İçeride devam eden üzücü olaylar yanında Gazze ve Batı Şeria’daki soy kırım ve katliamları da unutmamamız gerekir. Birileri belki de dikkatleri dışarıdan içeriye çekmek istemiş de olabilirler. Ancak biz içeri ve dışarıyı birlikte okumaya devam edeceğiz. Ayşenur Ezgi Eygi’nin Nablus’ta şehit edilmesi de önemli mesajlar içermektedir. Ayşenur kardeşimiz 6 Eylül 2024’te yardım ve ziyaret amacıyla gittiği Filistin’in Nablus şehrinde işgalci Siyonist teröristlerin açtığı ateş sonucu vurularak kaldırıldığı bir hastanede 26 yaşında şehit düştü. Ayşenur, 2003’te buldozer altında kalarak ölen Rachel Corrie ve 2004’te öldürülen Tom Hurndall’ın ardından İşgalci teröristler tarafından öldürülen üçüncü yardım gönüllüsüydü. Keskin nişancının bizzat hedef alarak Türkiye vatandaşı Ayşenur’u vurması Türkiye’ye bir mesaj mıdır? Hayır diyenler Mavi Marmara Gemisi baskınını bir kez daha hatırlasınlar.

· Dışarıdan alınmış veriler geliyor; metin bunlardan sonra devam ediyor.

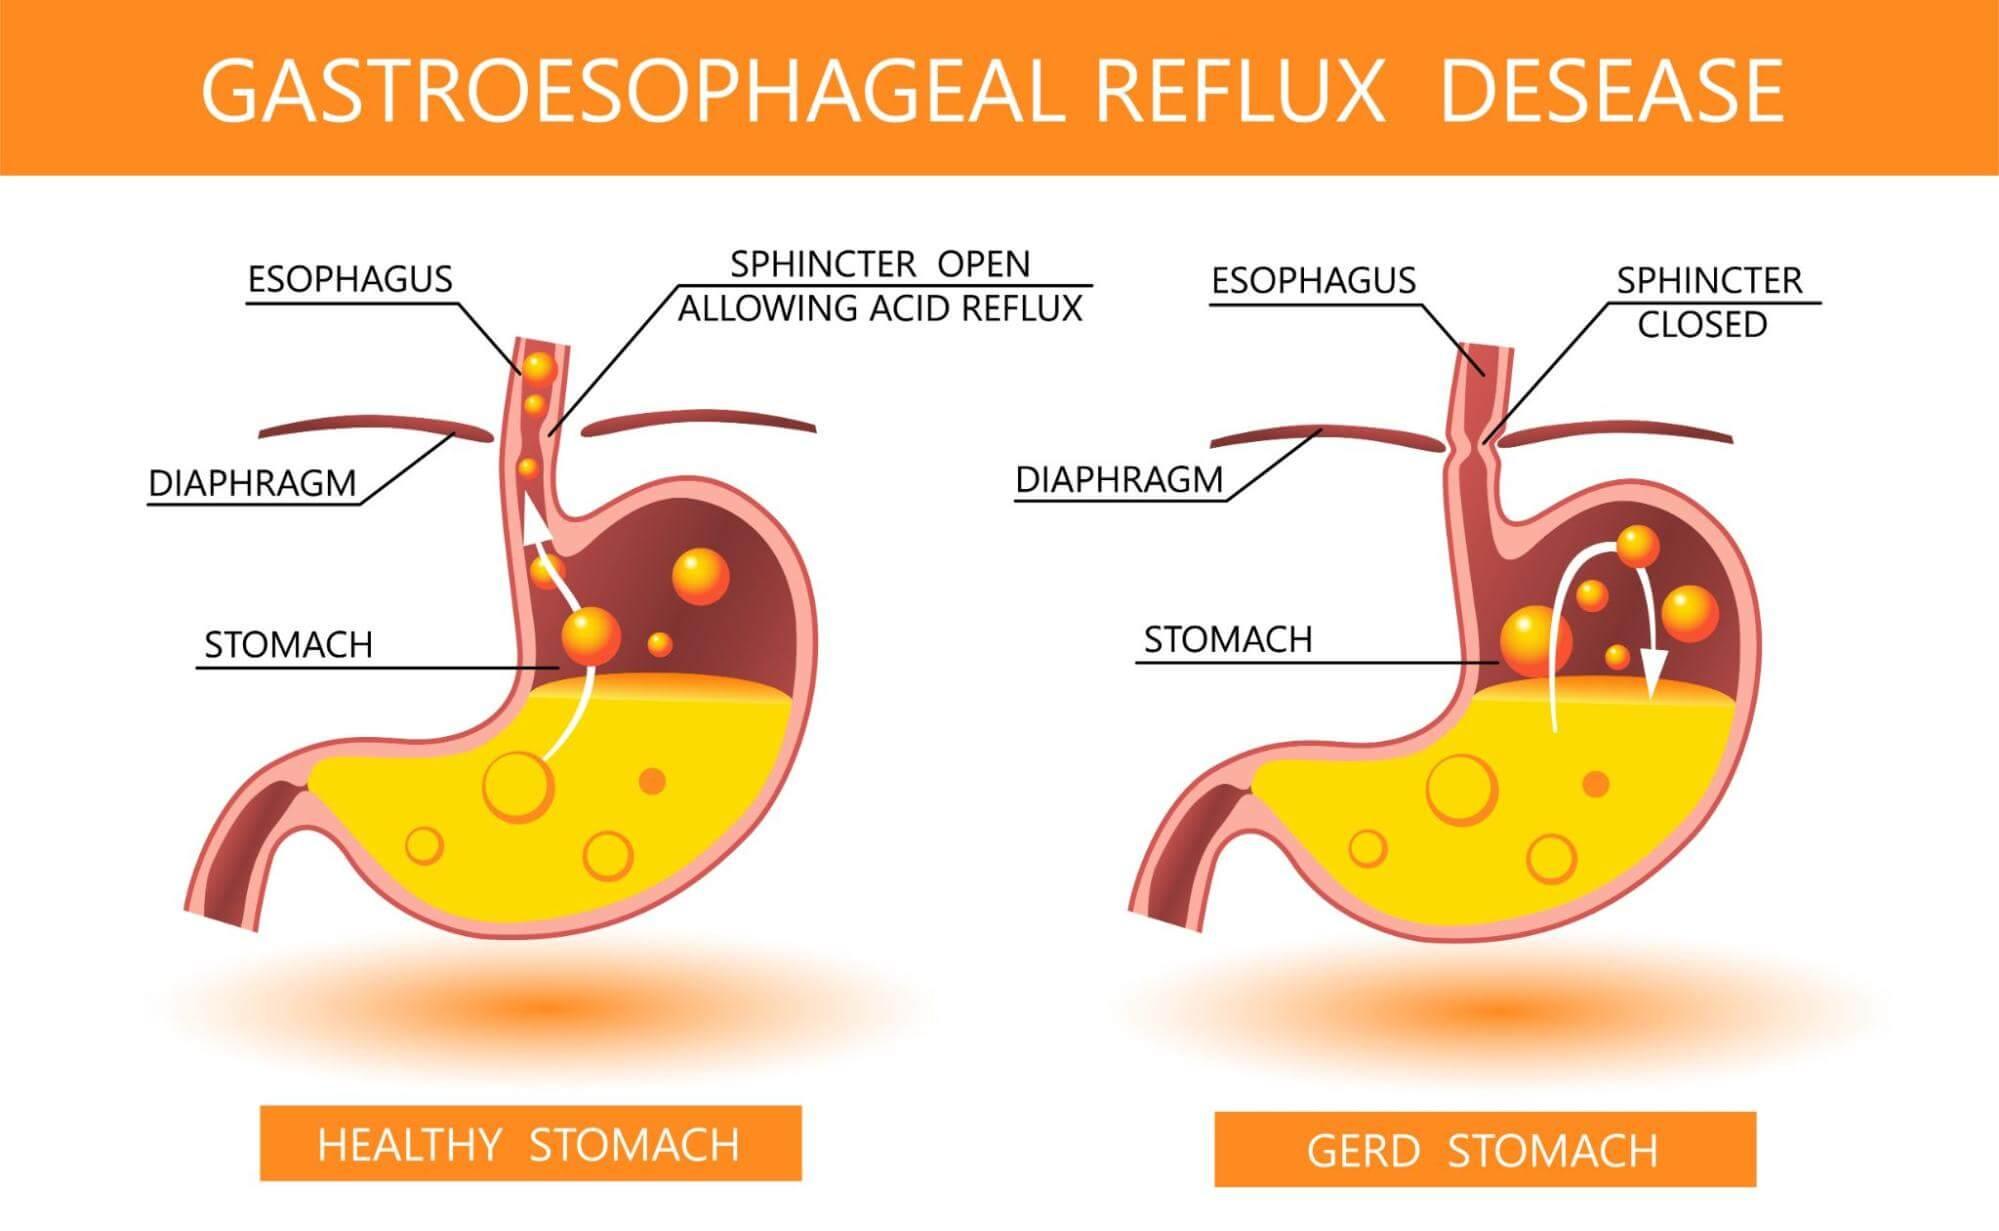 LPR symptoms: Healthy stomach vs. GERD stomach comparison chart

Lübnan’da Hizbullah üyelerinin elindeki telsizleri siber saldırıyla patlatan Siyonist katiller acaba bundan sonra daha neler yapacaklar? Gazze’deki savaşı bölgeye yayarak yanına ABD ve Batılı ülkeleri de almak suretiyle bölgeyi ateş çemberine çevirmek isteyen kudurmuş Siyonist İsrail hükümeti bakalım en sonunda nereye toslayacak? Bunu inşallah yakın zamanda göreceğiz. Tarih tekerrürden ibaret; ne Netanyahu Hitler’den güçlü ne de İsrail, Führer Almanya’sından. İlahi adalet yerini bulacak azıtan belasını bulacaktır.Ancak Müslümanlar kaybettikleri bu imtihanın bedelini de çok ağır ödeyeceklerdir. Rabbim bizi affeylesin, merhameti ile muamele eylesin, üzerimize ağır yükler yüklemesin. Âmin.